Sorry about picture quality but she won't stop moving.


----------



## Shirleythebetta (Jan 9, 2012)

Looks like it to me. But I could be wrong. If she is all I have to say is Uh oh. Mine had forty babies.....


----------



## fish joey (Aug 27, 2010)

Platys are always pregnant..at least mine seem to be ...do you have live plants or many hiding places? cute avatar :-D


----------



## Shirleythebetta (Jan 9, 2012)

thats the thing about platy's they are crazy breeders. They can go from for to four hundred in no time it seems...


----------



## fishyy (Apr 7, 2012)

If shes got a black dot near her anal fin and fat then yah


----------



## ILLBETHEJUDGE (Feb 27, 2012)

If she is pregnant, how can i be certain?
how to take care of her and the fry?


----------



## BeckyFish97 (Apr 9, 2012)

The best way to keep her and the fry safe while she is giving birth is to put her in a breeding trap which you can get down at your lfs.
After she has given birth if you have a fry tank you could put the babies in there and for the first 2 weeks feed them morning noon and night or just morning and night if more convenient, on liquifry(livebearers stuff) , at the start of the third week I move my baby platys onto crushed flake food with live food a couple of times a week but only feed them morning and night, dont feed them too much because the tank gets very dirty.
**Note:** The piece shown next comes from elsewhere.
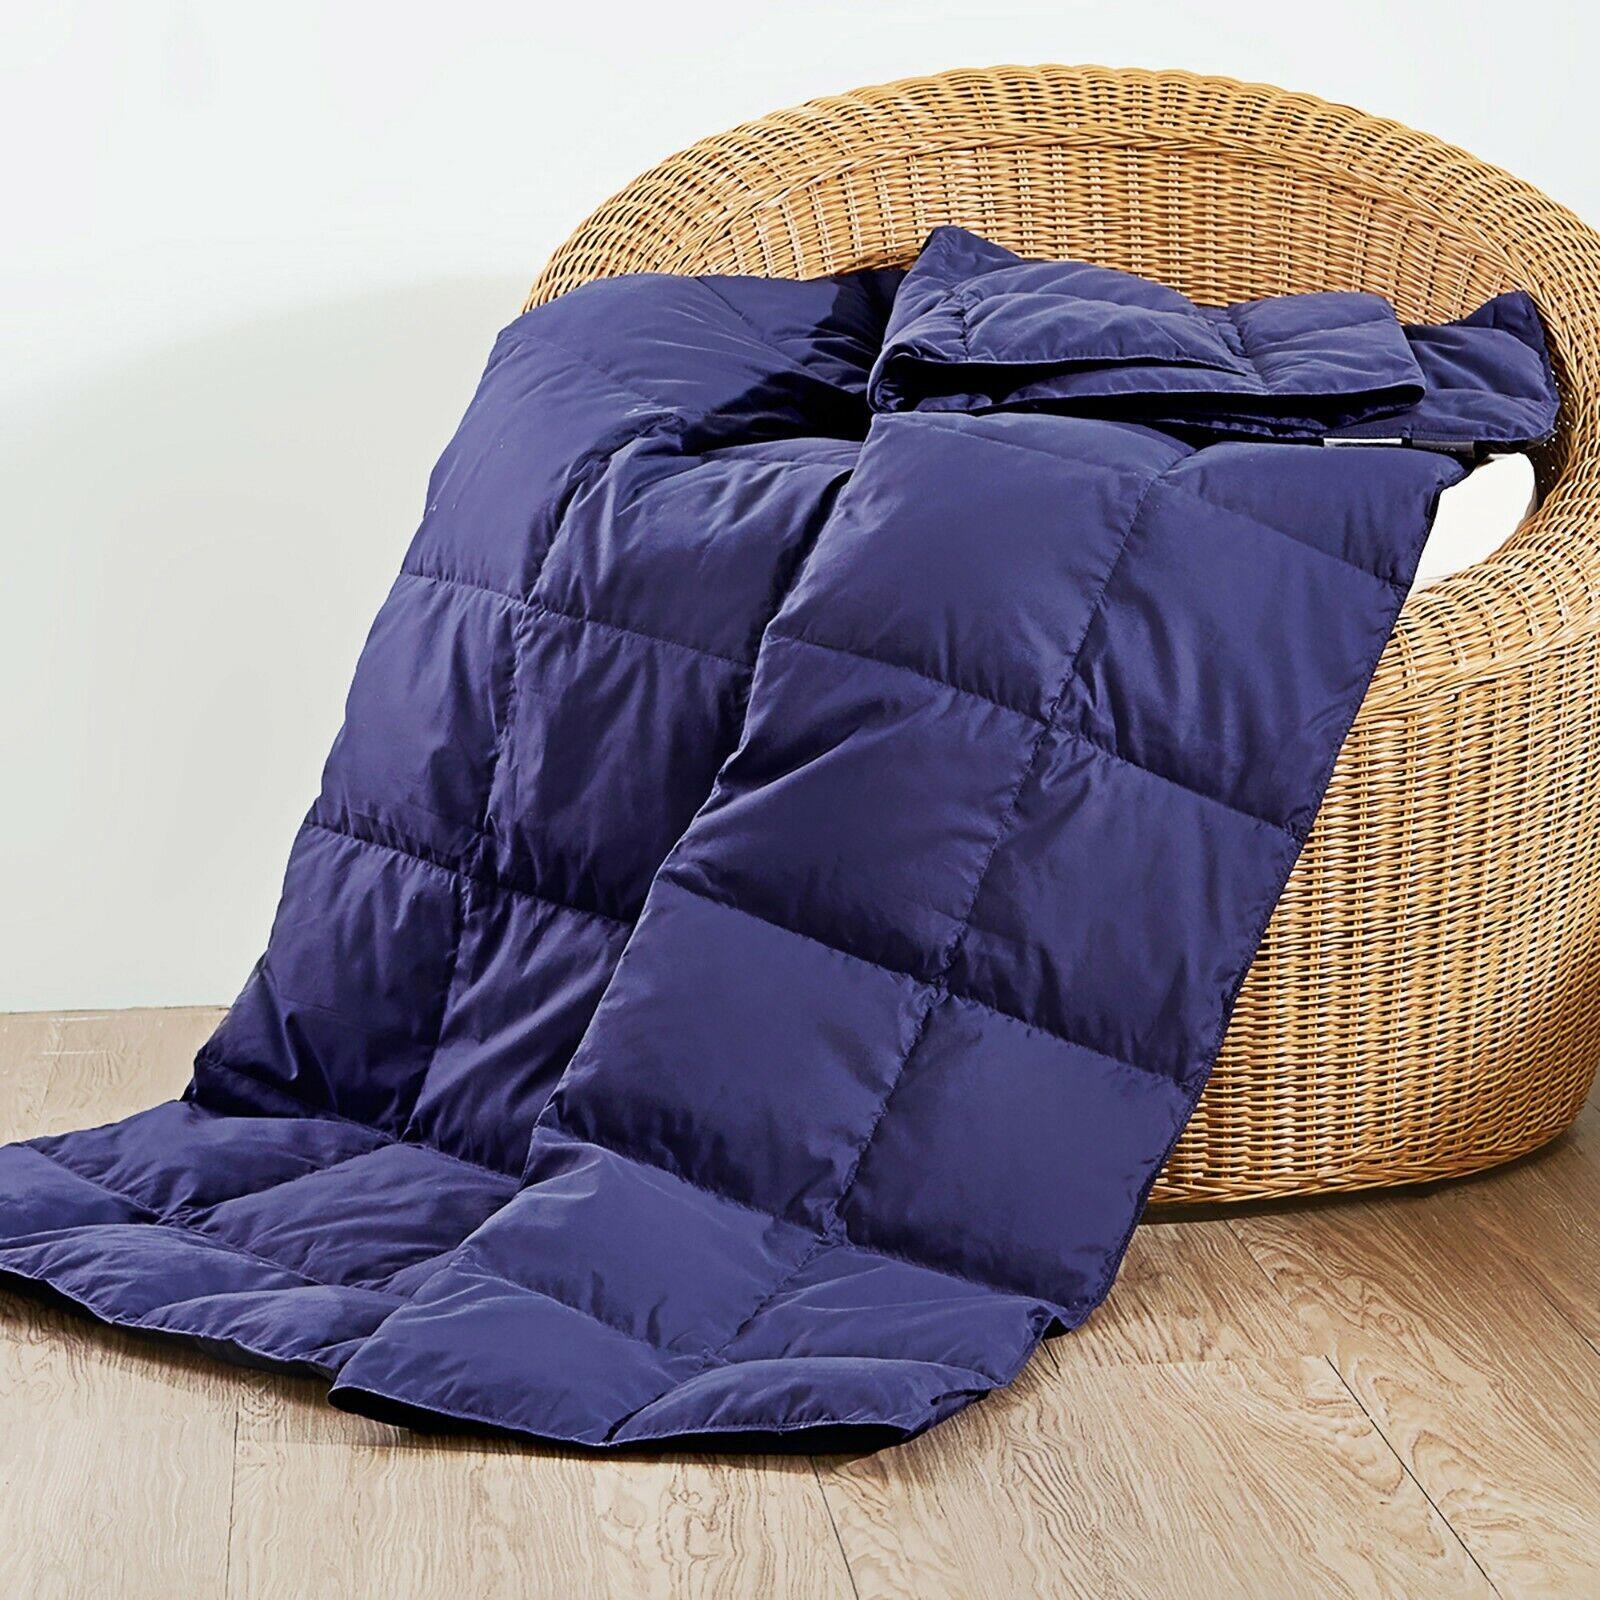 down throw blanket portable smart travel blanket

Also small water changes every other day helps them to grow faster.my lfs buys my babies off of me when they're at a saleable size, or trades the babies for a male betta of my choice 
hope I helped


----------



## cjayBetta (Jan 18, 2011)

and you should also post pictures of them


----------



## BeckyFish97 (Apr 9, 2012)

cjayBetta said:


> and you should also post pictures of them


 Definitely, it never gets old seeing a newborn baby platy swimming around.
one set of mine are about three months old now and the other set is about 2 months old, and then we have random guppies from all over the place, they seem to hate giving birth in the trap so about 5 times now we have spent the night rescuing what we can from the main tank, you would think they would be considerate enough to let us know they're pregnant but apparently not


----------



## Amphibianite (Aug 6, 2011)

Actually Liquifry isn't a fry food itself. It is nutrient and such that feed microorganisms and cause them to multiply. It is these microorganisms that feed the fry.


----------



## BeckyFish97 (Apr 9, 2012)

Amphibianite said:


> Actually Liquifry isn't a fry food itself. It is nutrient and such that feed microorganisms and cause them to multiply. It is these microorganisms that feed the fry.


 Well whatever it is it grows my fry on great for me so it's worth a try, but as far as I know and as far as my lfs has told me it's a fry food. Just what I've been told.


----------



## ILLBETHEJUDGE (Feb 27, 2012)

Thanks.


----------



## cjayBetta (Jan 18, 2011)

I used to have Balloon mollies(when I was like 12) and they decided to have babies. Parents didnt want to let me put them in a different tank so they all got eaten. I have vowed to myself that if I get any live bearers I will remove the mommy and daddy and let the babies grow out.


----------